Network Architecture

  • UDP broadcast-based discovery and heartbeats on local subnet
  • Optional HTTP polling (disabled by default; node info exchanged via UDP)

Data Flow

Node Discovery

  1. UDP Broadcast: Nodes broadcast discovery packets on port 4210
  2. UDP Response: Receiving nodes respond with hostname
  3. Registration: Discovered nodes are added to local cluster member list

Health Monitoring

  1. Periodic Checks: Cluster manager updates node status categories
  2. Status Collection: Each node updates resources via UDP node-info messages

Task Management

  1. Scheduling: TaskManager executes registered tasks at configured intervals
  2. Execution: Tasks run cooperatively in the main loop without preemption
  3. Monitoring: Task status is exposed via REST (/api/tasks/status)

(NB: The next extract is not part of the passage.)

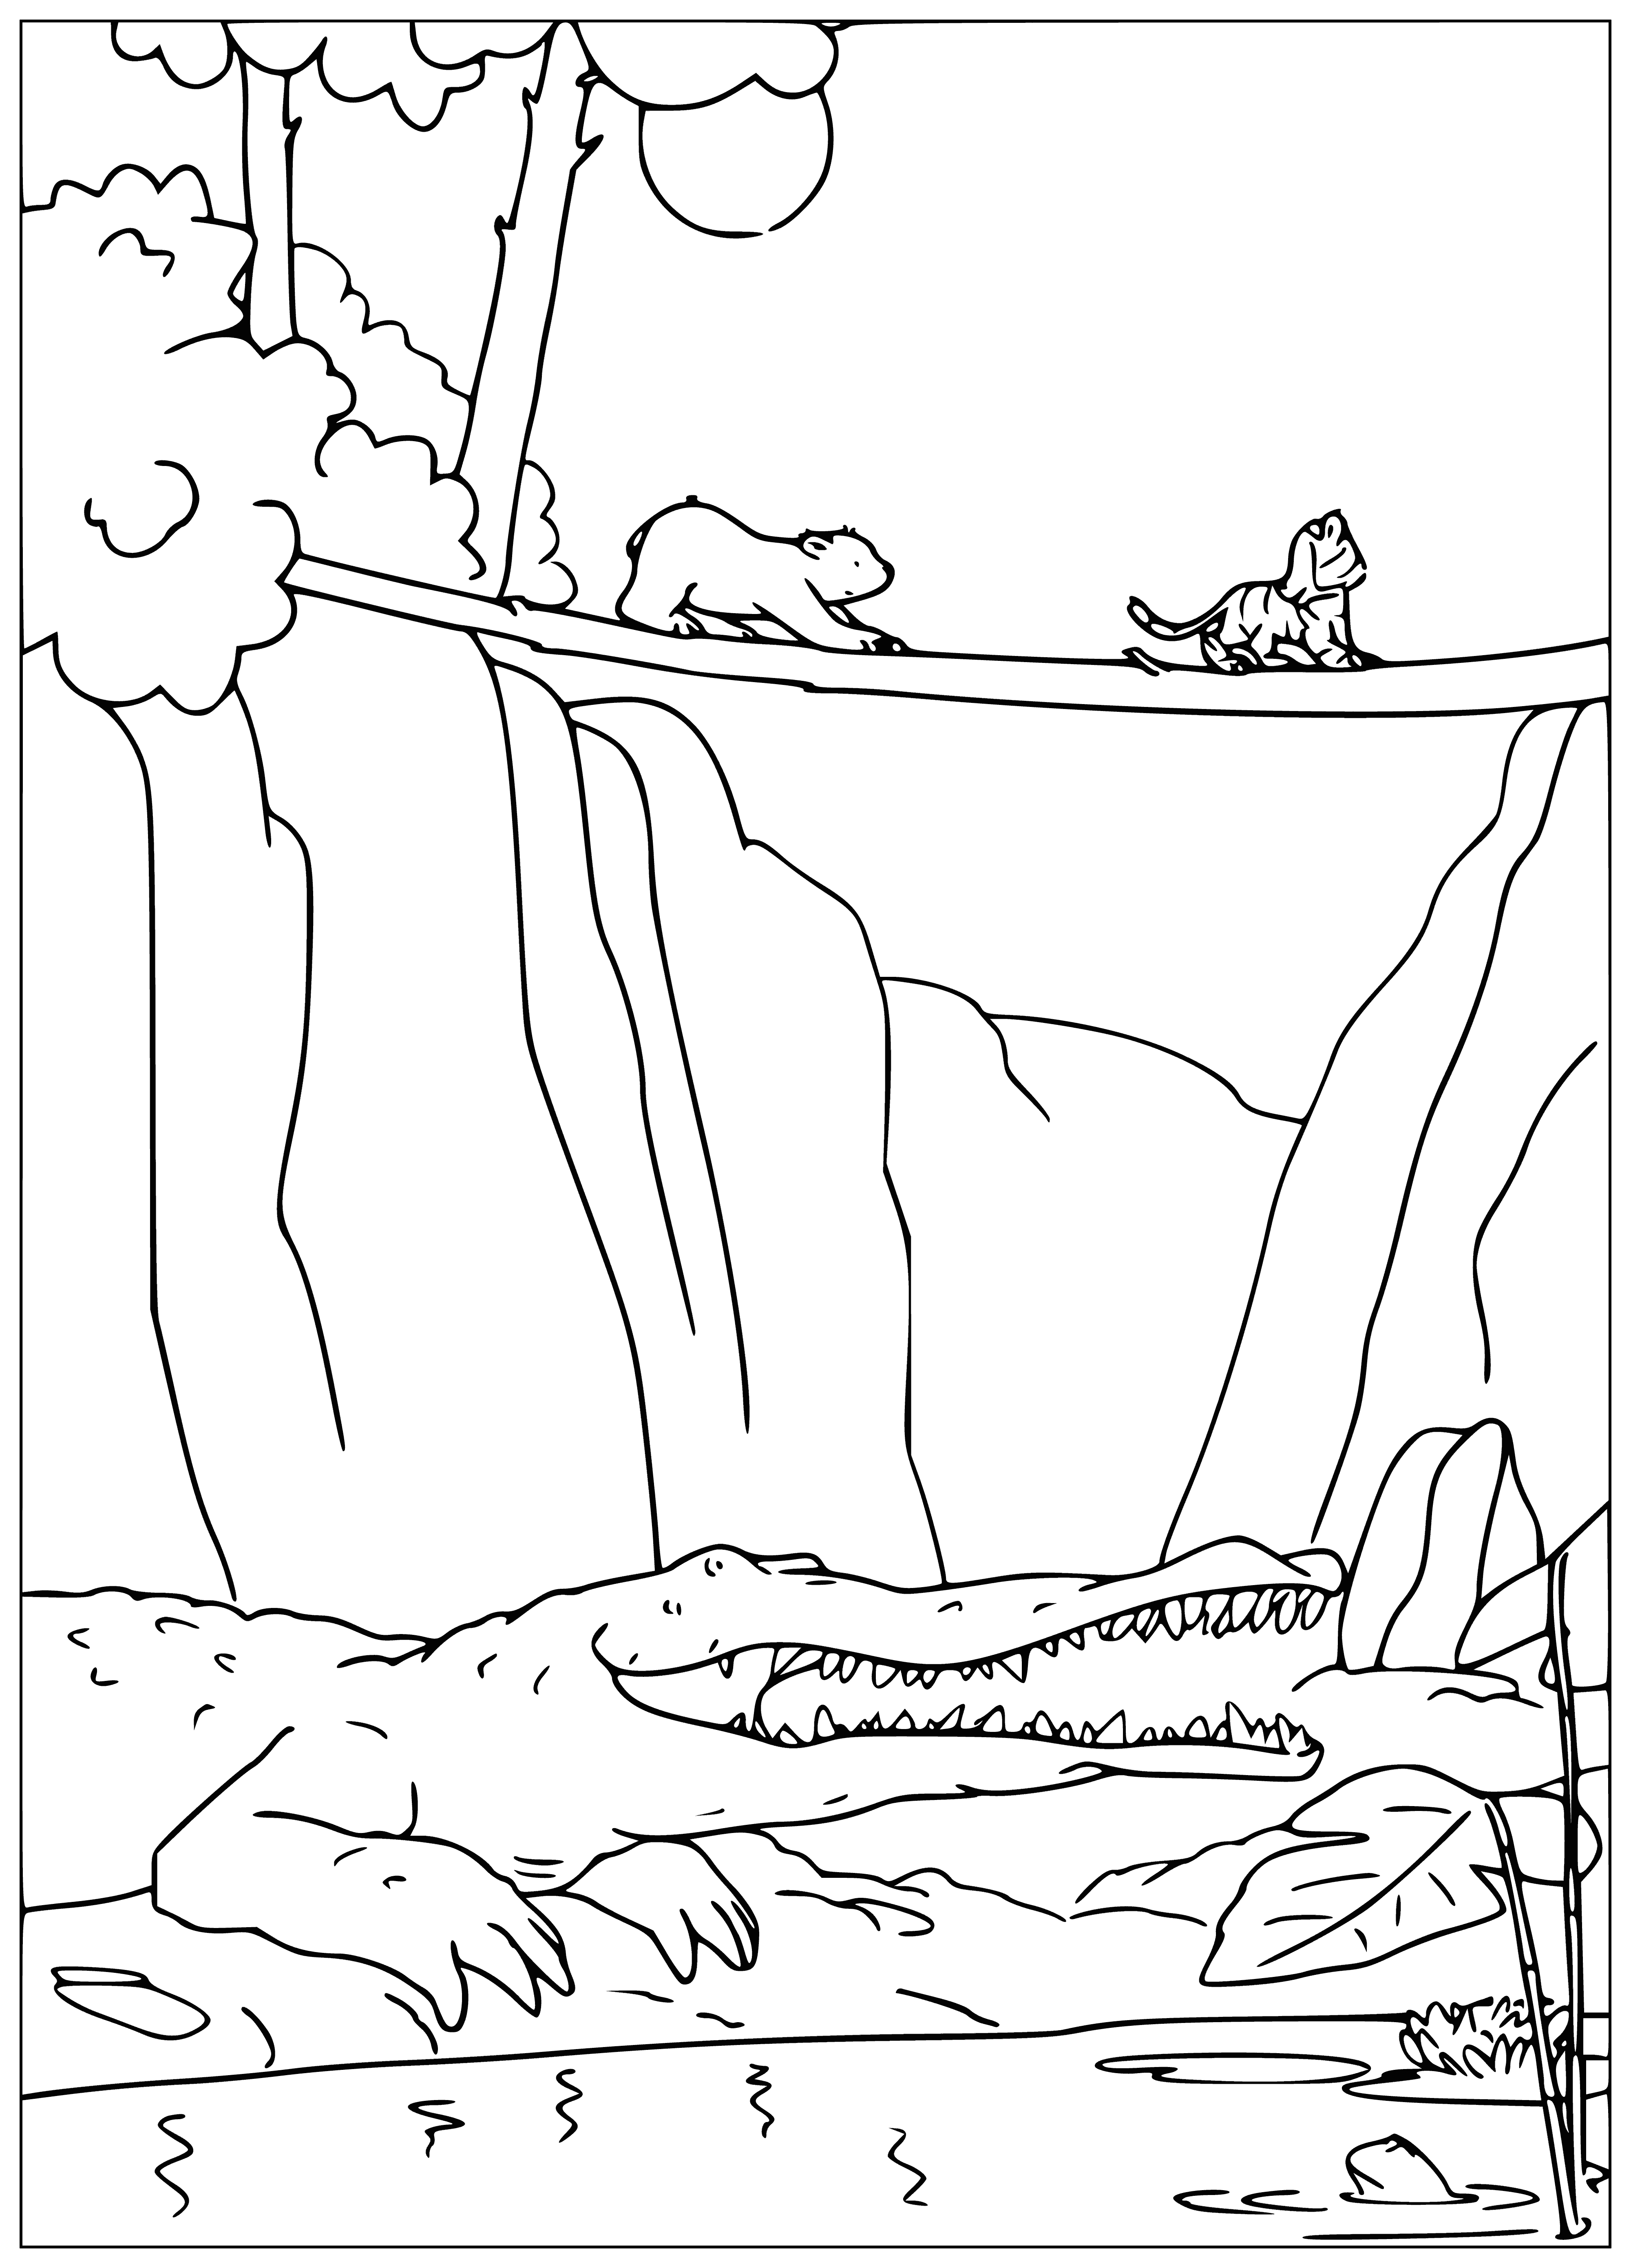 On the bridge coloring page

Performance Characteristics

Memory Usage

  • Base System: ~15-20KB RAM (device dependent)
  • Per Task: ~100-200 bytes per task
  • Cluster Members: ~50-100 bytes per member
  • API Endpoints: ~20-30 bytes per endpoint

Network Overhead

  • Discovery Packets: 64 bytes every 1 second
  • Health Checks: ~200-500 bytes every 1 second
  • Status Updates: ~1-2KB per node
  • API Responses: Varies by endpoint (typically 100B-5KB)

Processing Overhead

  • Task Execution: Minimal overhead per task
  • Event Processing: Fast event dispatch
  • JSON Parsing: Efficient ArduinoJson usage
  • Network I/O: Asynchronous operations

Security Considerations

Current Implementation

  • Network Access: Local network only (no internet exposure)
  • Authentication: None currently implemented; LAN-only access assumed
  • Data Validation: Basic input validation
  • Resource Limits: Memory and processing constraints

Future Enhancements

  • TLS/SSL: Encrypted communications
  • API Keys: Authentication for API access
  • Access Control: Role-based permissions
  • Audit Logging: Security event tracking

Scalability

Cluster Size Limits

  • Theoretical: Up to 255 nodes (IP subnet limit)
  • Practical: 20-50 nodes for optimal performance
  • Memory Constraint: ~8KB available for member tracking
  • Network Constraint: UDP packet size limits

Performance Scaling

  • Linear Scaling: Most operations scale linearly with node count
  • Discovery Overhead: Increases with cluster size
  • Health Monitoring: Parallel HTTP requests
  • Task Management: Independent per-node execution

Configuration Management

SPORE implements a persistent configuration system that manages device settings across reboots and provides runtime reconfiguration capabilities.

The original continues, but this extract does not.